Just one example. The Koch Brothers, and many of their fellow megawealthy conservatives, don’t actually donate much to political parties or candidates. No, they set up networks of nonprofit organizations with “educational” missions and — wowee! — promote their ideology while simultaneously pocketing huge tax savings. Yeah, we’re subsidizing conservative propaganda. Feels good, doesn’t it?

(We’re also subsidizing a fair bit of liberal propaganda. The Vermont Workers’ Center has become a very well-funded organization thanks to dozens of annual gifts from nonprofit foundations, many of them set up by wealthy individuals. Its biggest donor is the Ben & Jerry Foundation. I’m not equating the Vermont Workers’ Center with the Koch Brothers, but they both sail along on a rising tide of tax-deductible contributions.)

Back to Vermont. Killacky cites a survey that shows “67 percent of people interviewed confirmed that a decrease in income tax deductions would cause them to contribute less.”

Perhaps. I’d like to see how the study was conducted and how the questions were worded. But even if it’s legit, it should have little to no impact on Vermont’s debate over itemized deductions.

That’s because the big kahuna is the federal deduction. A change in Vermont law would have no effect on that far larger tax benefit. There would still be abundant incentive to contribute.
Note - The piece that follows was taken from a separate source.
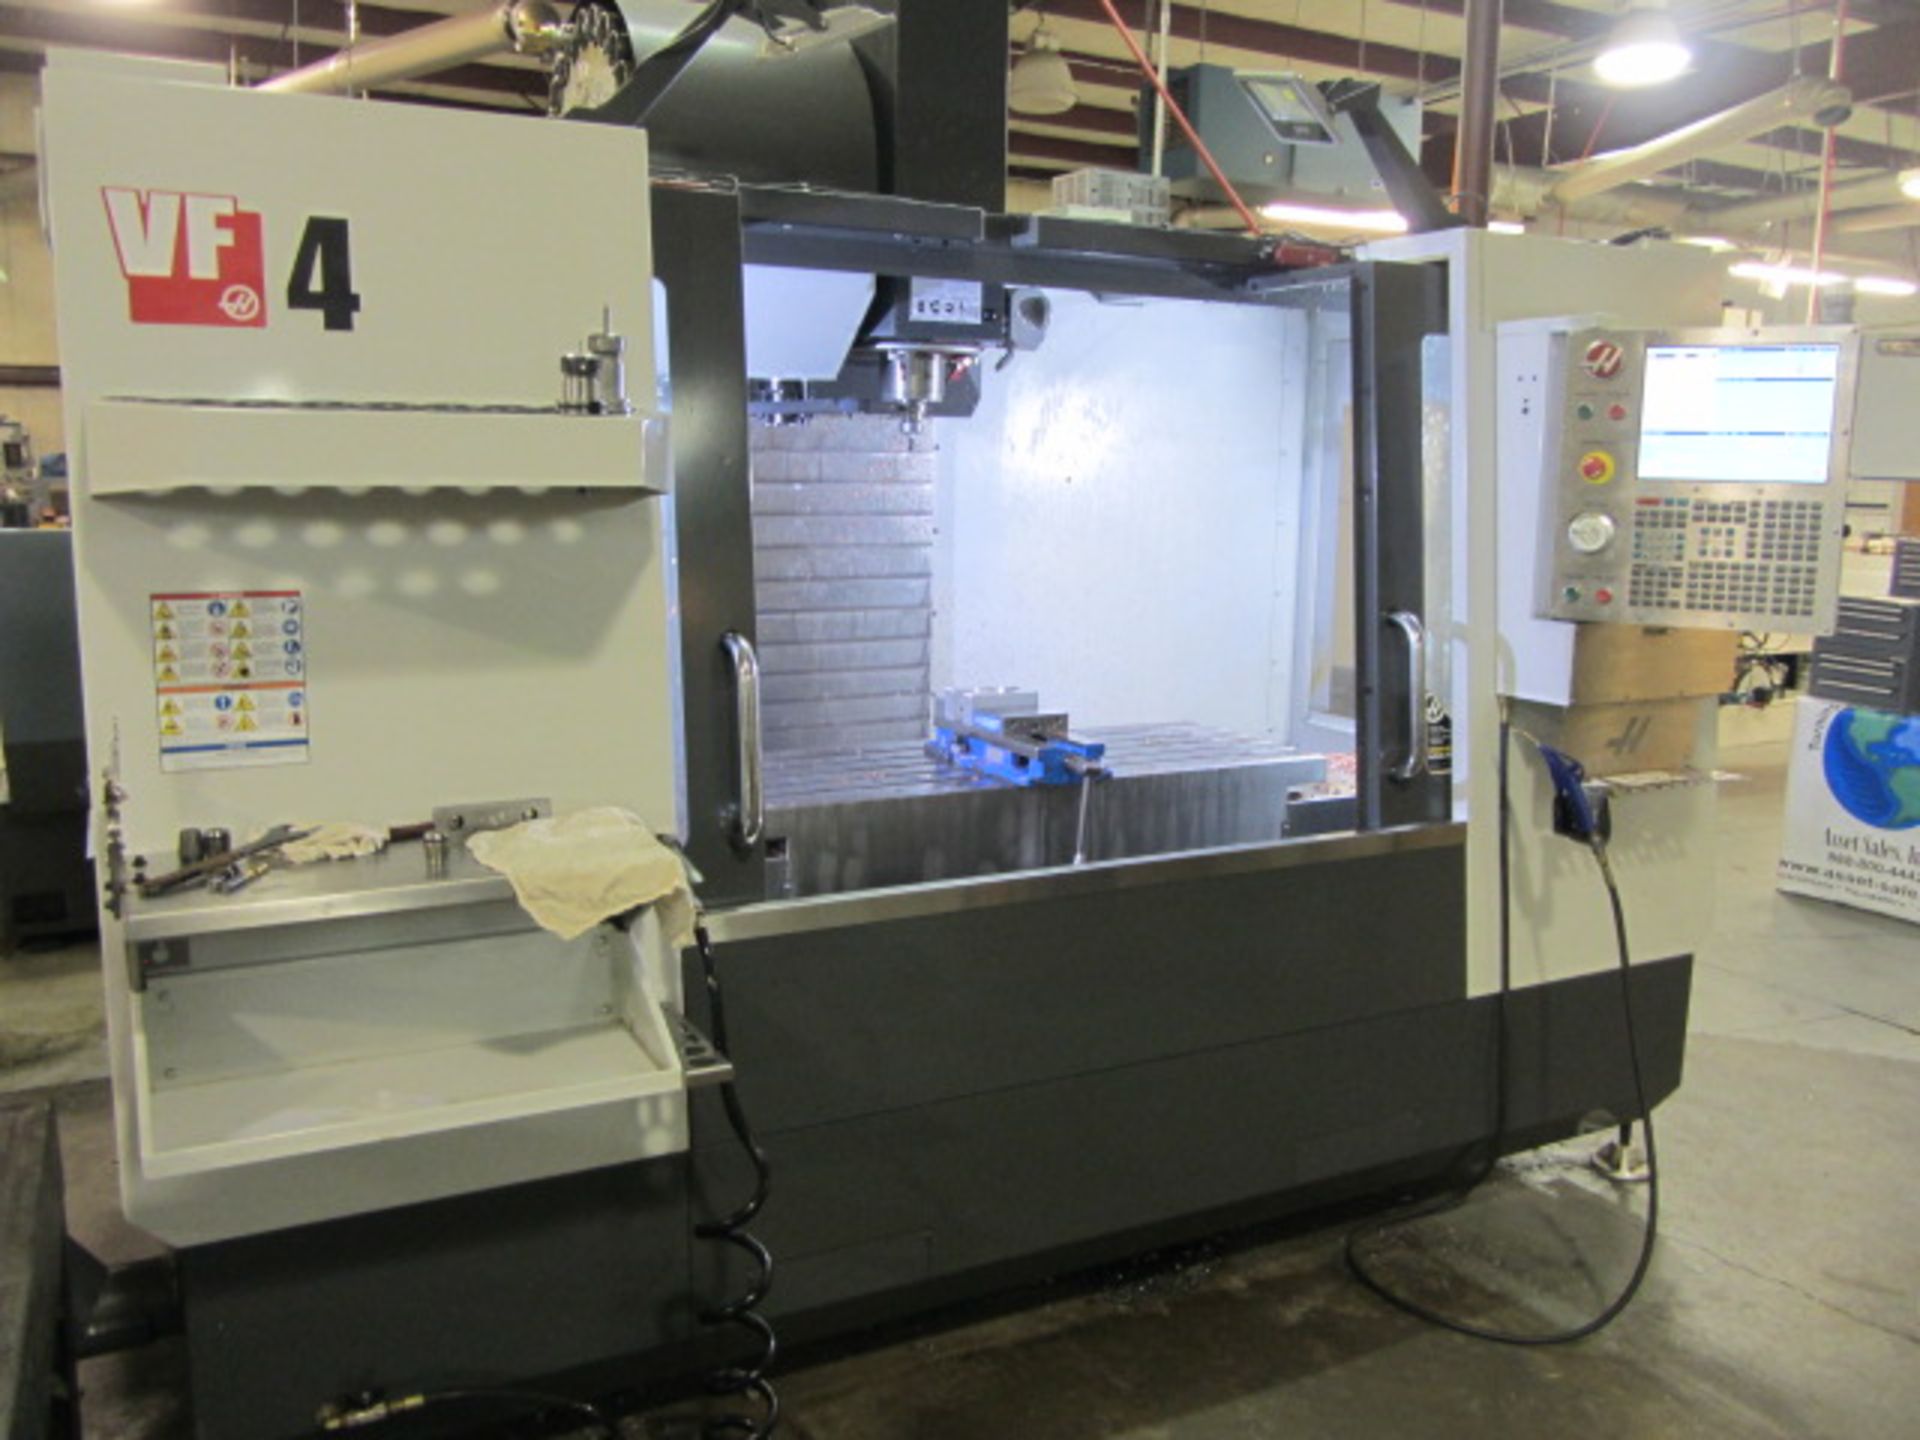 Haas VF-4 CNC Vertical Machining Center with 52'' x 20'' Table, #40 Taper Spindle Speeds to 8100 - Image 7 of 8

Killacky also fails to mention that Vermont’s current tax rules for the wealthy are among the most generous in the nation. If we put a cap on deductions, we’d no longer be an outlier in our generosity to our wealthiest citizens, but we’d still be plenty generous.

The scare tactics are entirely out of proportion to the real situation. I can understand why Killacky feels obligated to scurry to the defense of his fat-cat donors, but his arguments are unconvincing.